§ Instructions to follow: Leave every picture out and write out the records below exactly.

Excerpts from a dataset:
┌──

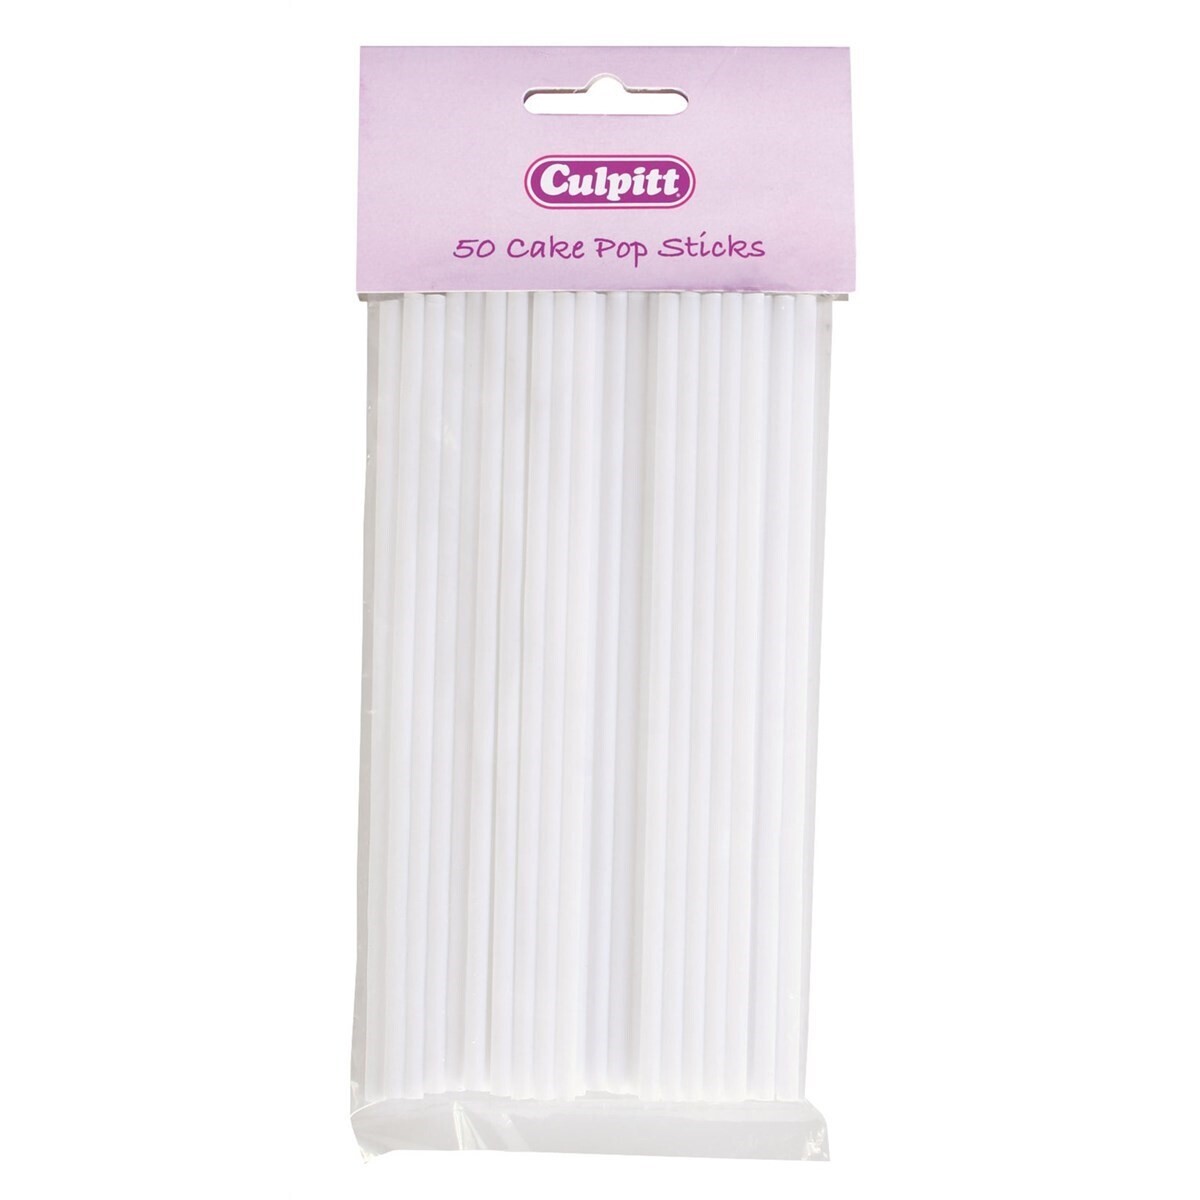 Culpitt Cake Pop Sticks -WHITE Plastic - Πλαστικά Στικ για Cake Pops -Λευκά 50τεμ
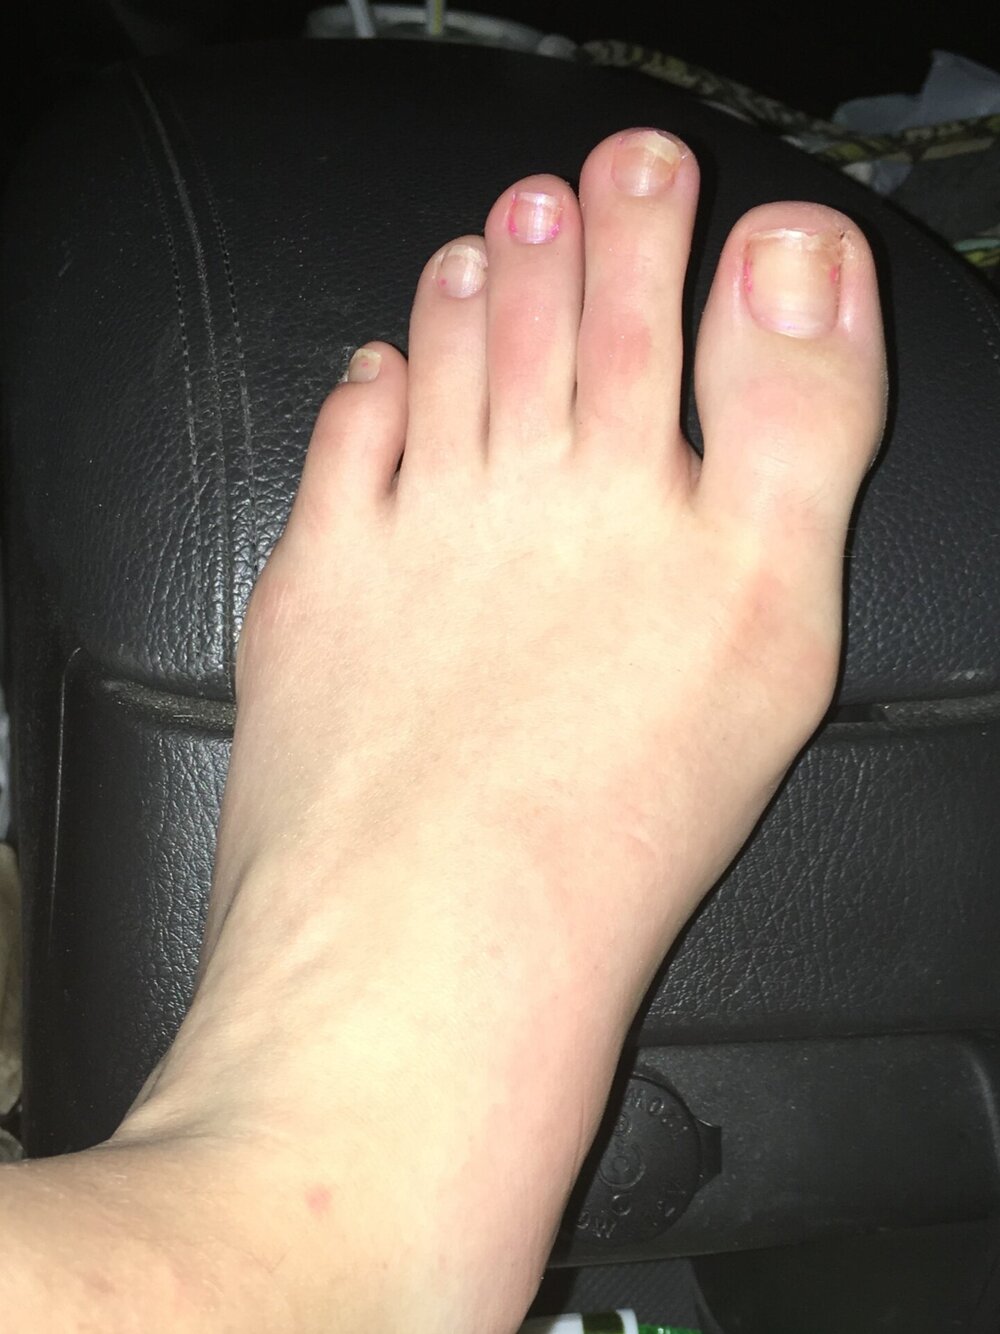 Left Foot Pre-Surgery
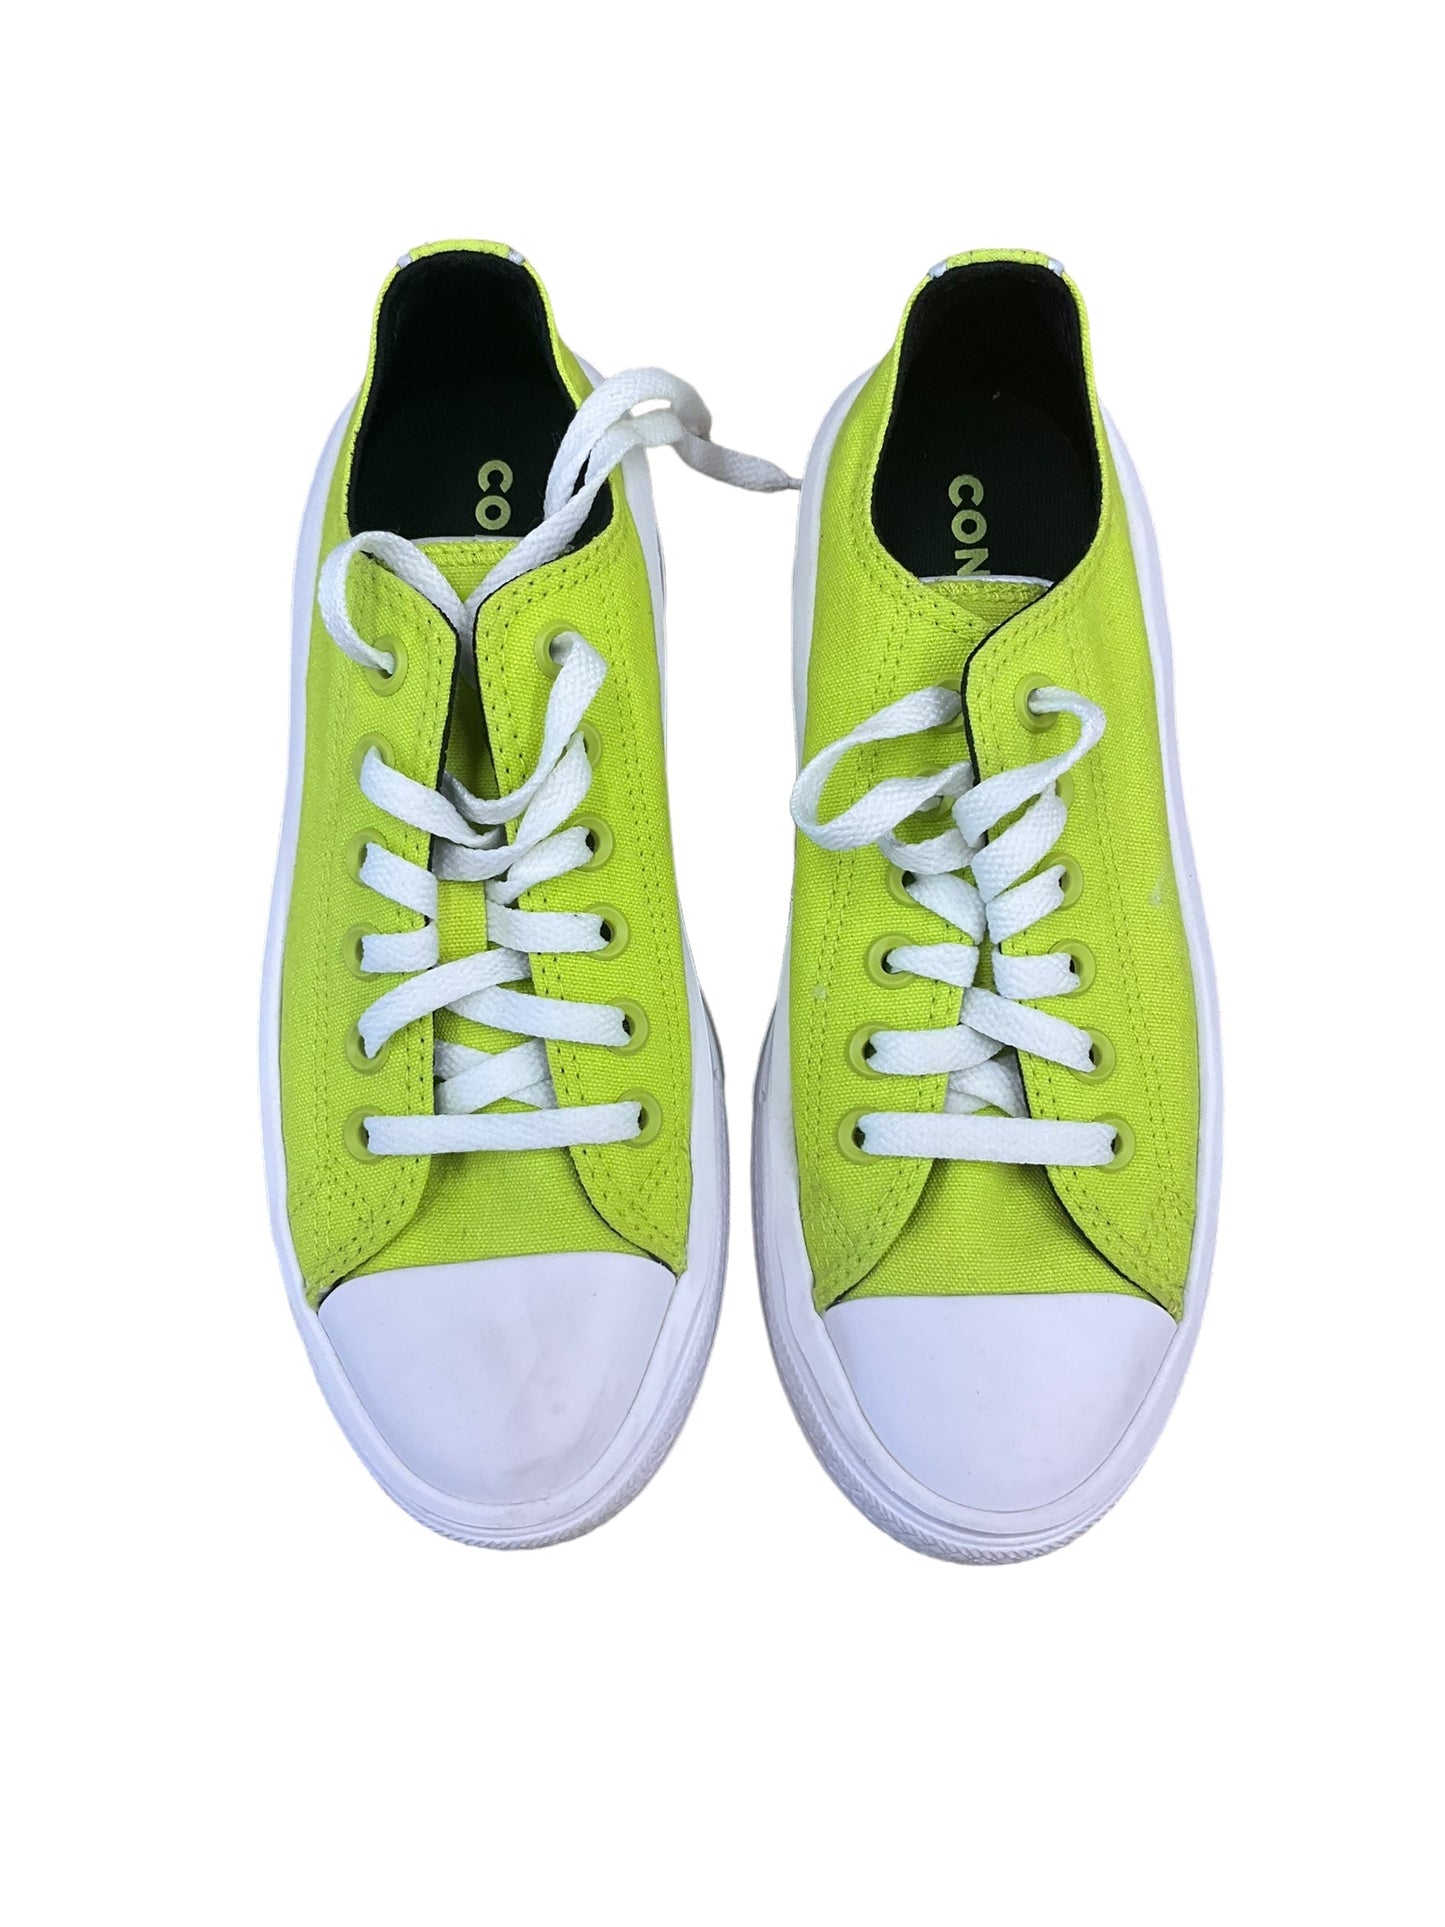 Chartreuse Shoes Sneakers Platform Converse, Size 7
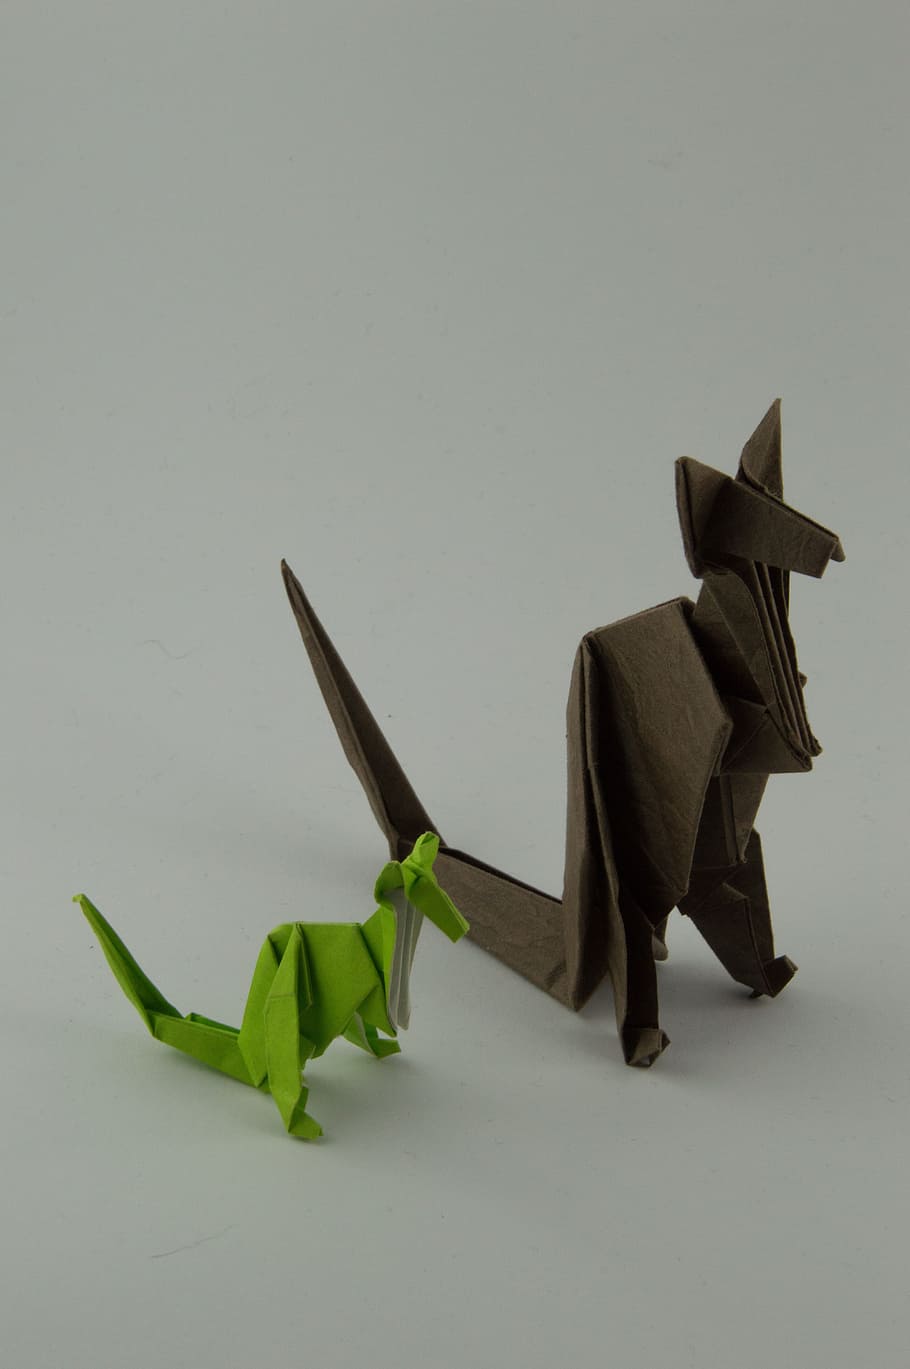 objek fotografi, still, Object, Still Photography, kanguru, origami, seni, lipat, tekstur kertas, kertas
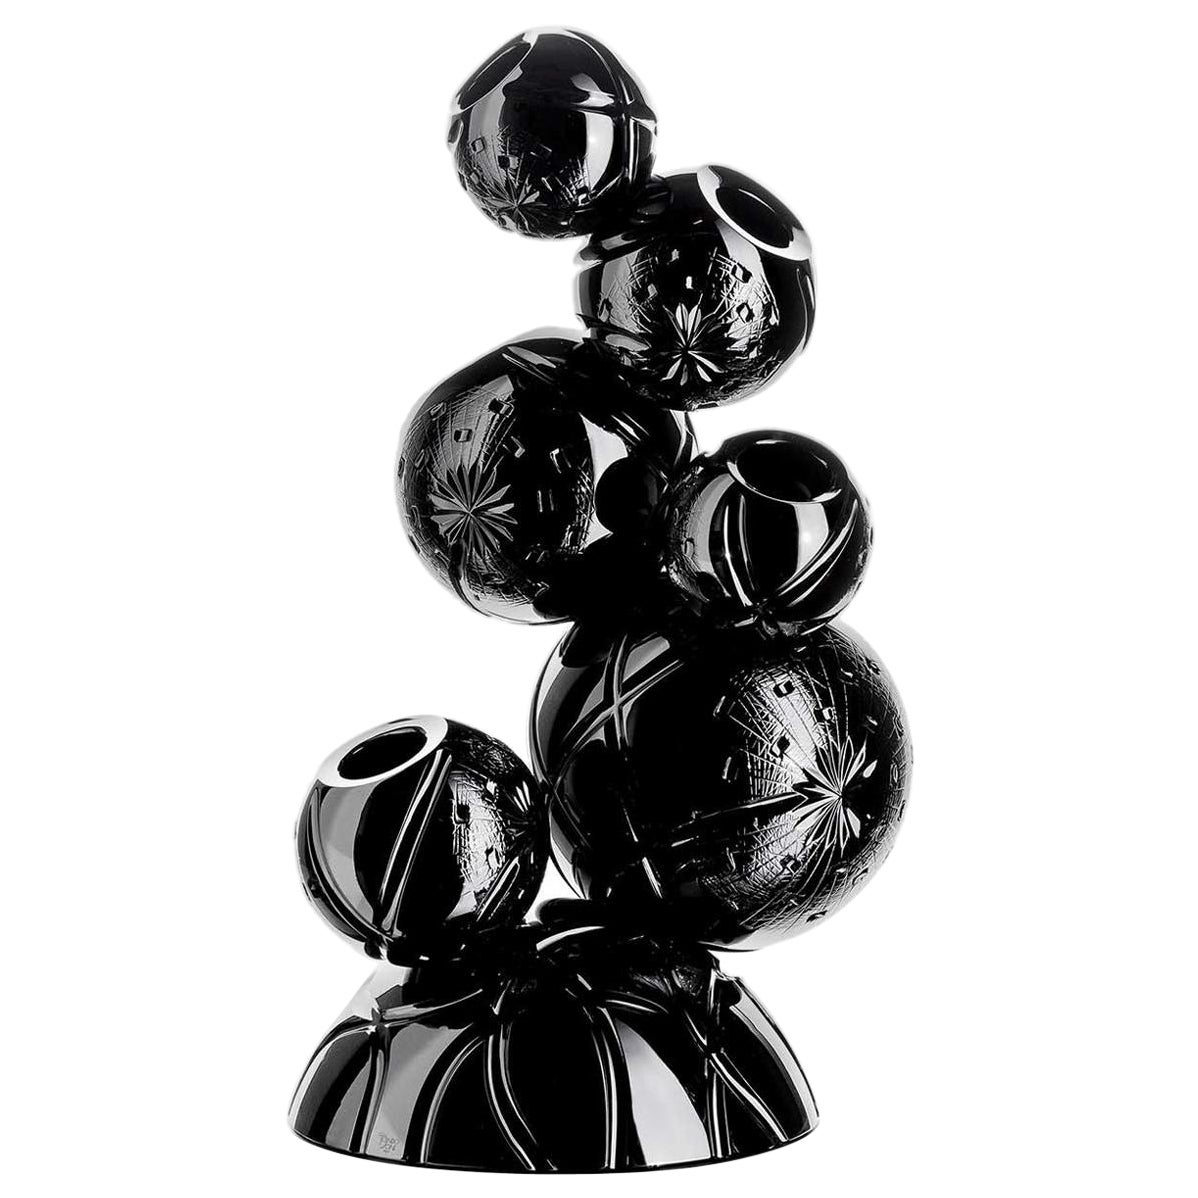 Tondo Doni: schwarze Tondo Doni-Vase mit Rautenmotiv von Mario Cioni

└──

§ Solution:
 Culpitt Cake Pop Sticks -WHITE Plastic - Πλαστικά Στικ για Cake Pops -Λευκά 50τεμ
 Left Foot Pre-Surgery
 Chartreuse Shoes Sneakers Platform Converse, Size 7
 objek fotografi, still, Object, Still Photography, kanguru, origami, seni, lipat, tekstur kertas, kertas
 Tondo Doni: schwarze Tondo Doni-Vase mit Rautenmotiv von Mario Cioni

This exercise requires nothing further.